▶ What is being asked
Exactly and only the lines below from the one containing "Tazas Caja, 2uds., Terracota, Tonos" down to the one containing "Colombia Martes 19" are wanted, both included; please exclude every picture.

▶ Supplied entries
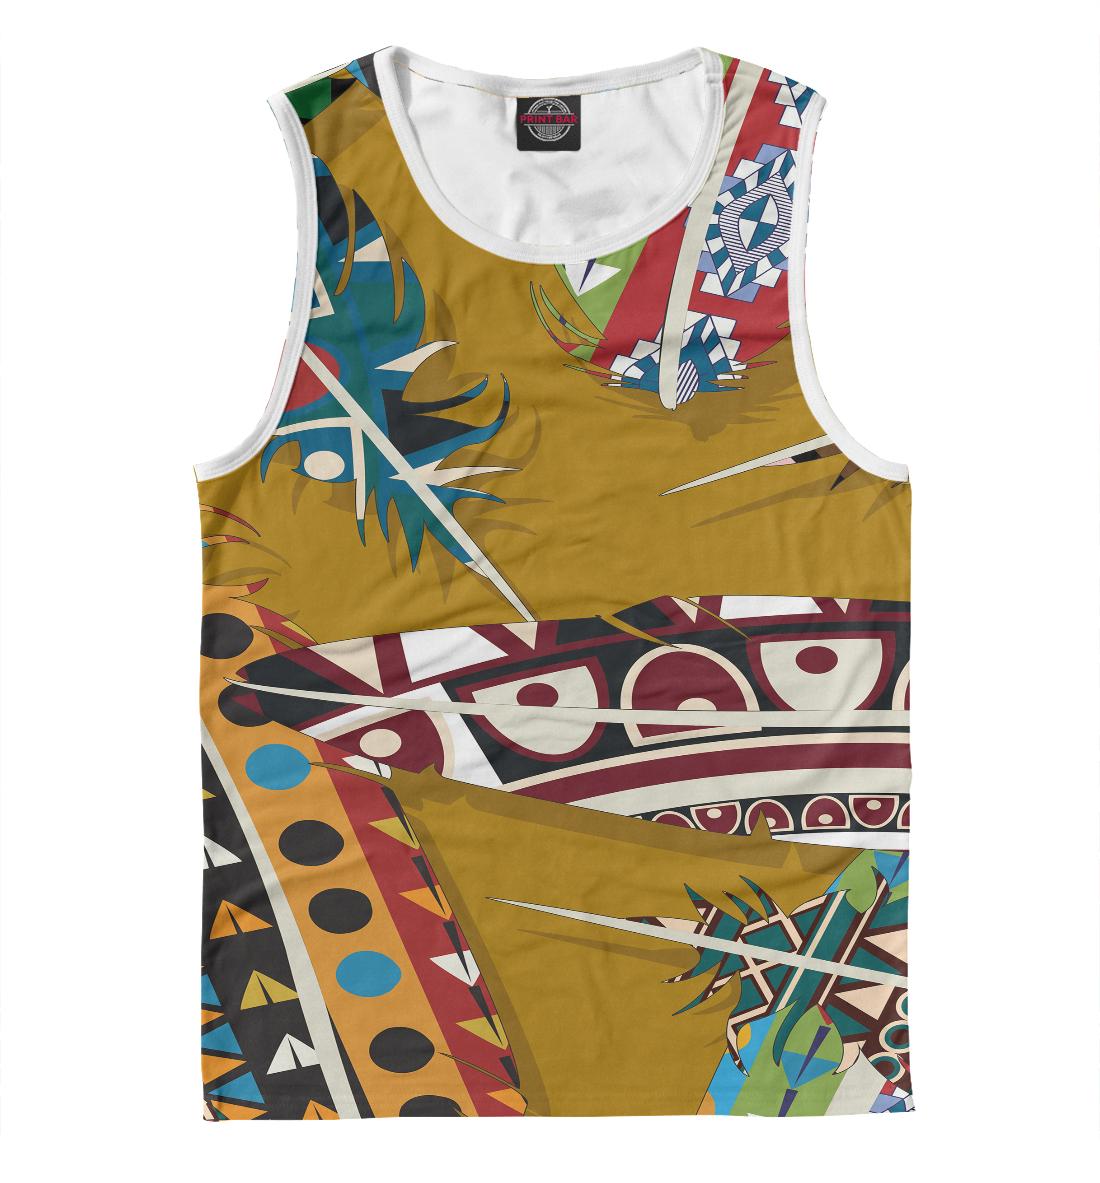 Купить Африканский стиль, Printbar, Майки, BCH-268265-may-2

* * *

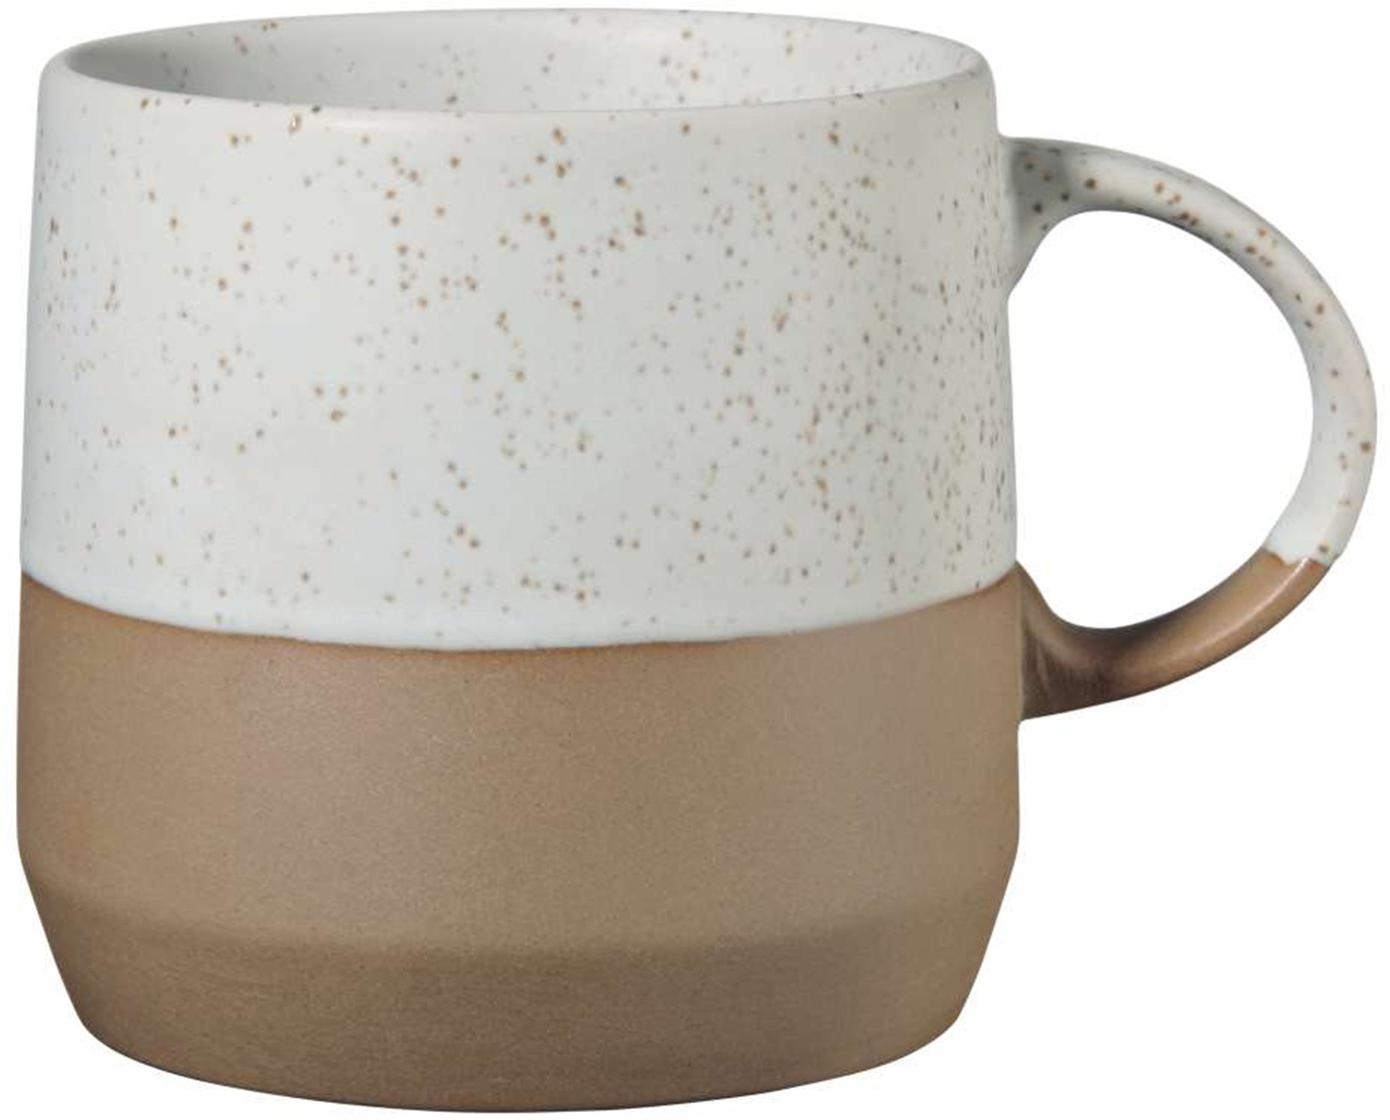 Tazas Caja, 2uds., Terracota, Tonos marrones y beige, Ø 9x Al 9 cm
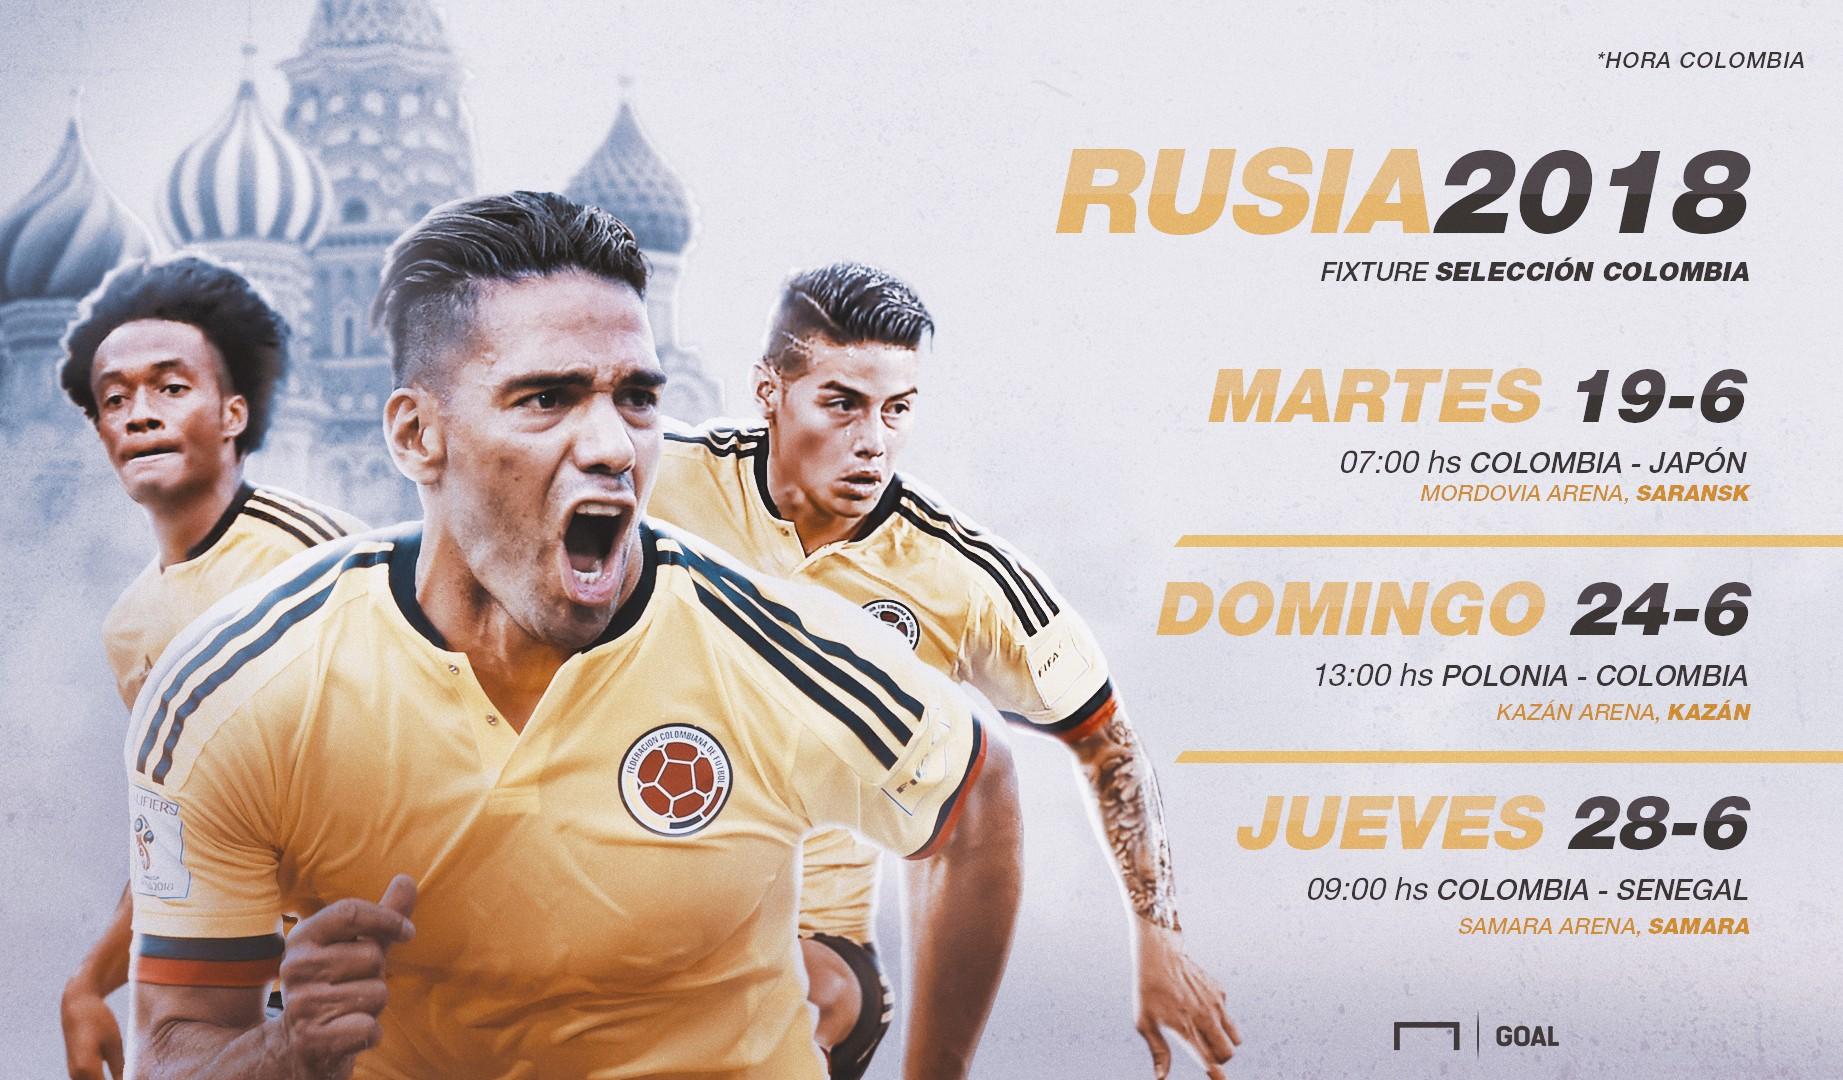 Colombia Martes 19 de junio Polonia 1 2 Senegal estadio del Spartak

▶ Your solution
 Tazas Caja, 2uds., Terracota, Tonos marrones y beige, Ø 9x Al 9 cm
 Colombia Martes 19 de junio Polonia 1 2 Senegal estadio del Spartak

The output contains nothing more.